INFORMATION SHOWN:
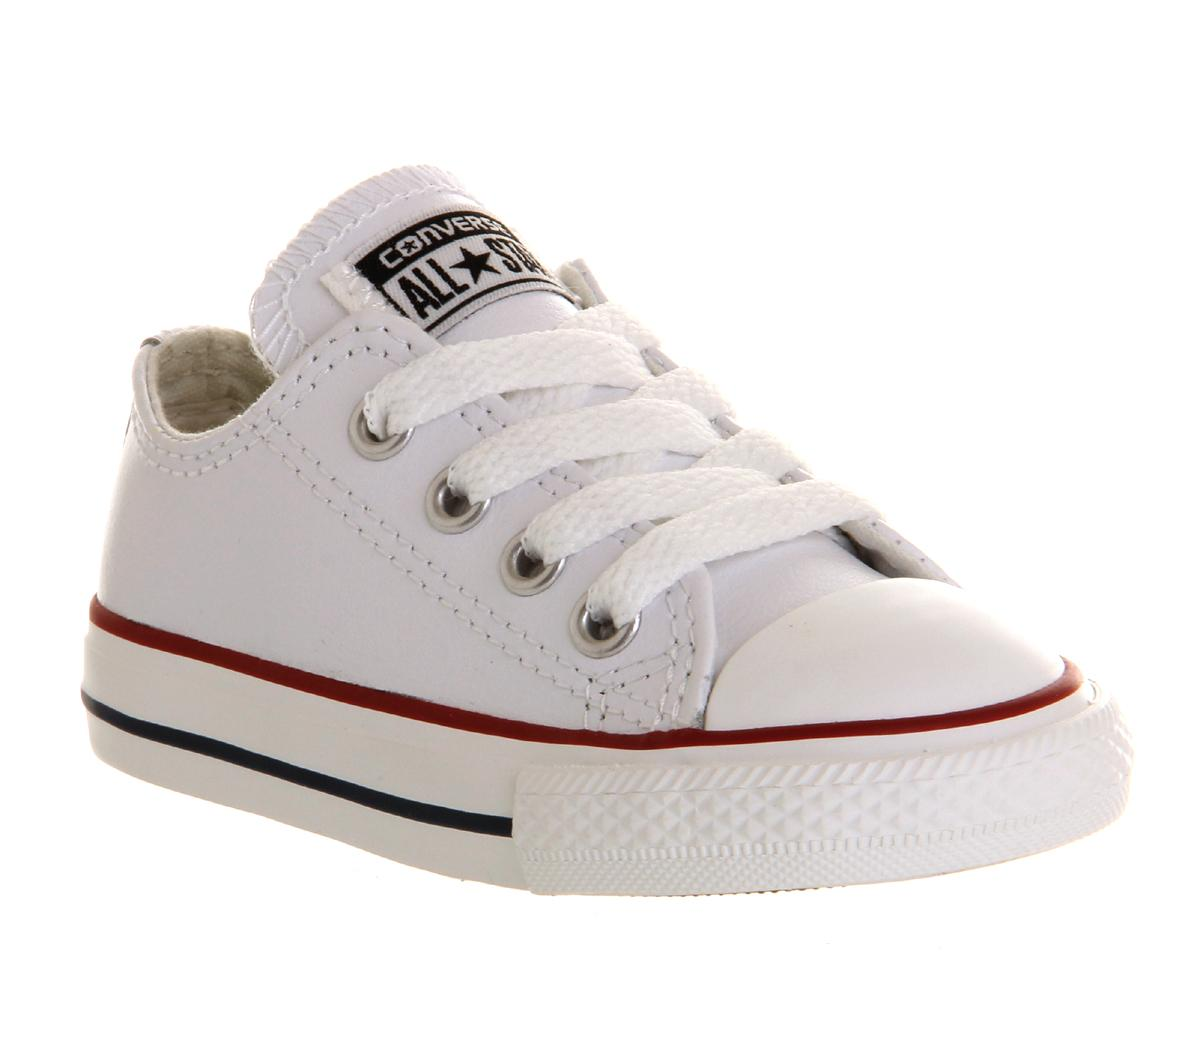 converse shoes for infants
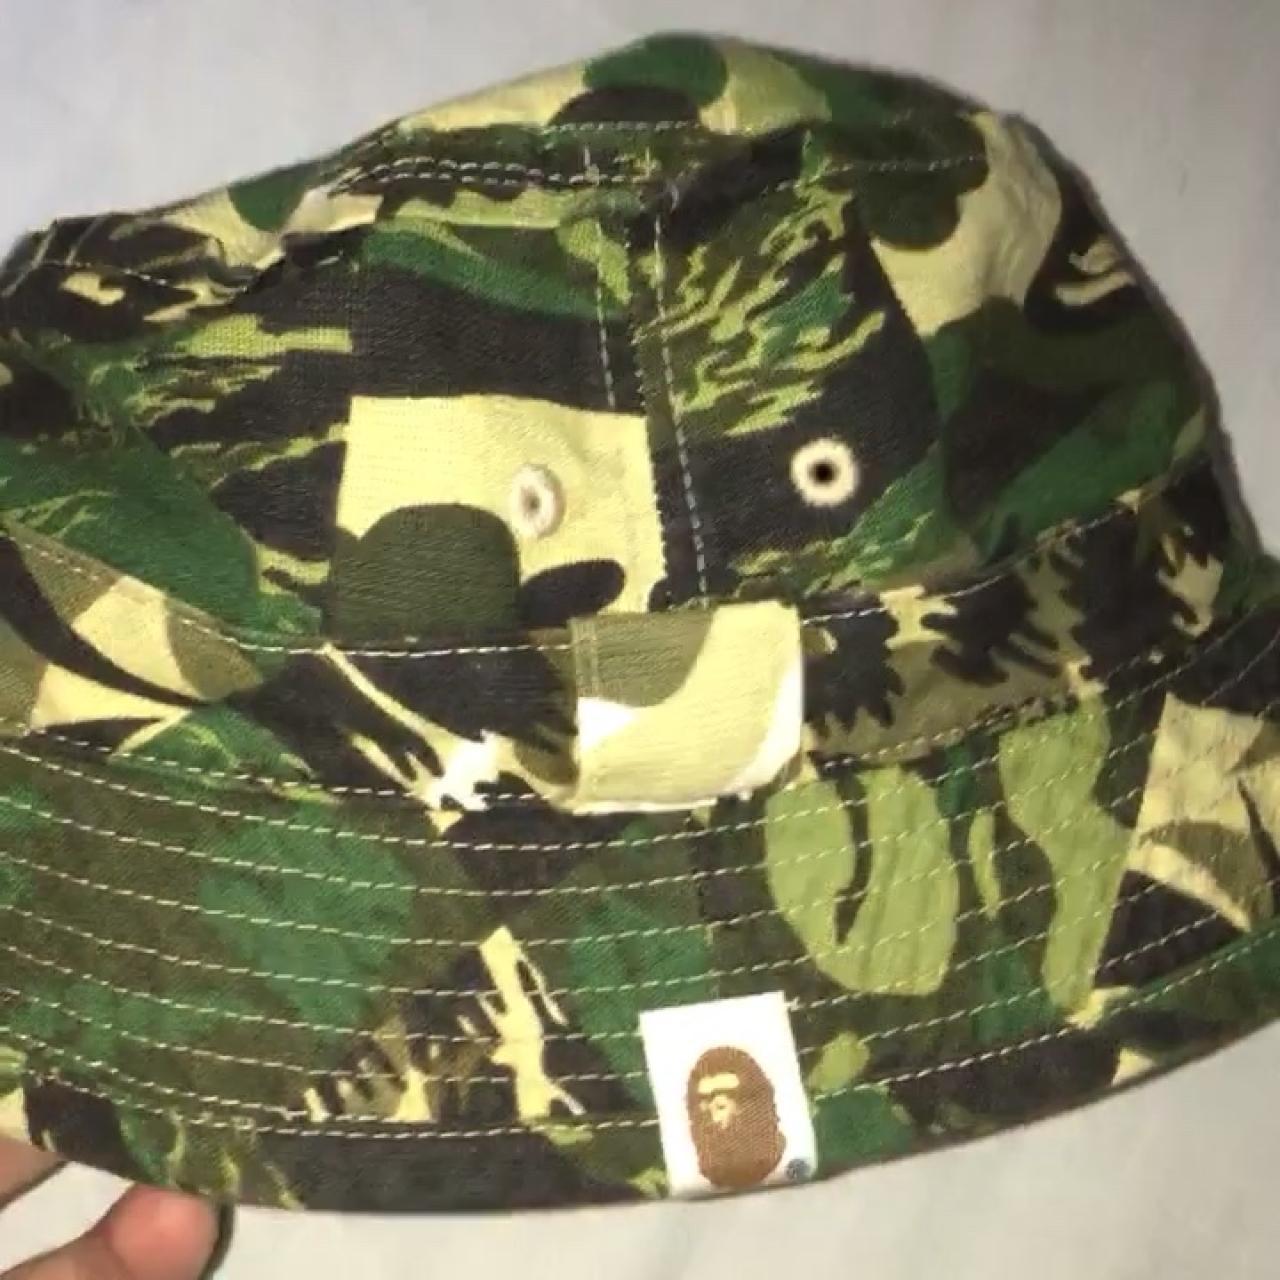 Bape Bucket Hat. Size medium. No stains or flaws. 9 10 - Depop d5b28e99e0dd
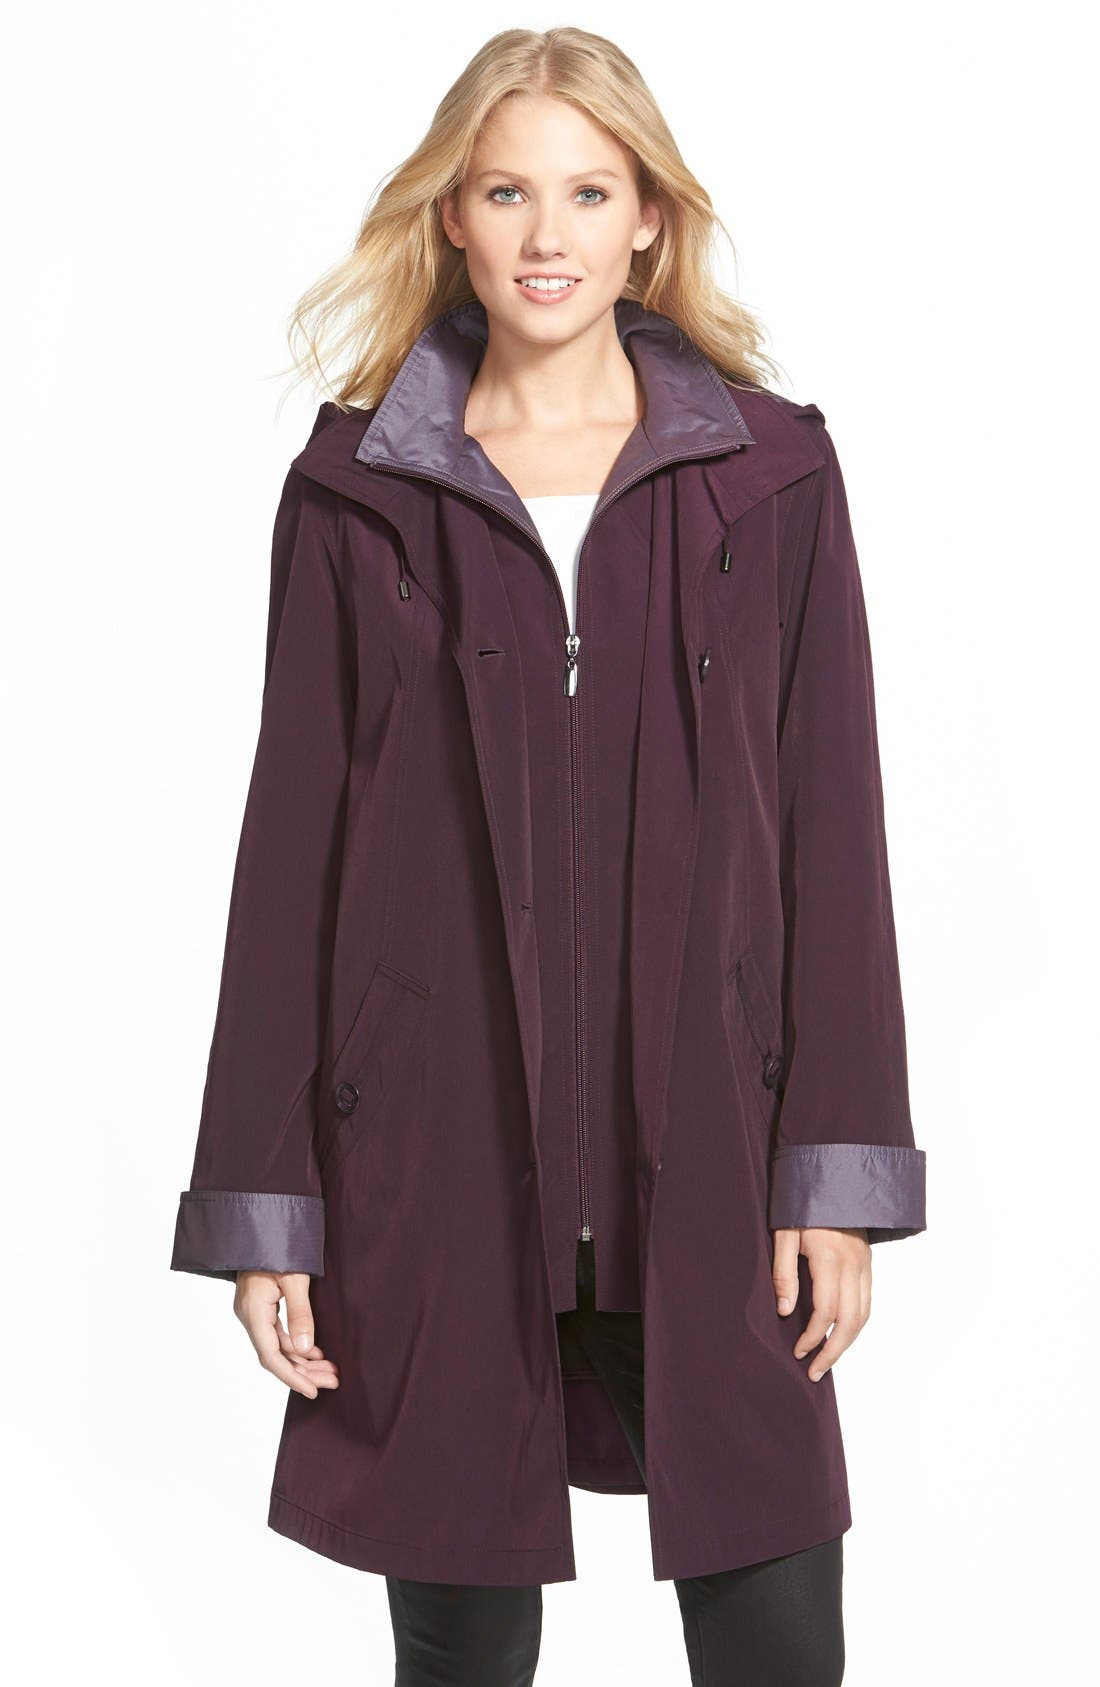 Two Tone Long Silk Look Raincoat,                             Main thumbnail 1, color,                             518

WHAT THIS TASK INVOLVES: Omitting all pictures, retype exactly the lines from the line containing "Bape Bucket Hat." down to the last line above, both ends included.

TASK ANSWER:
 Bape Bucket Hat. Size medium. No stains or flaws. 9 10 - Depop d5b28e99e0dd
 Two Tone Long Silk Look Raincoat,                             Main thumbnail 1, color,                             518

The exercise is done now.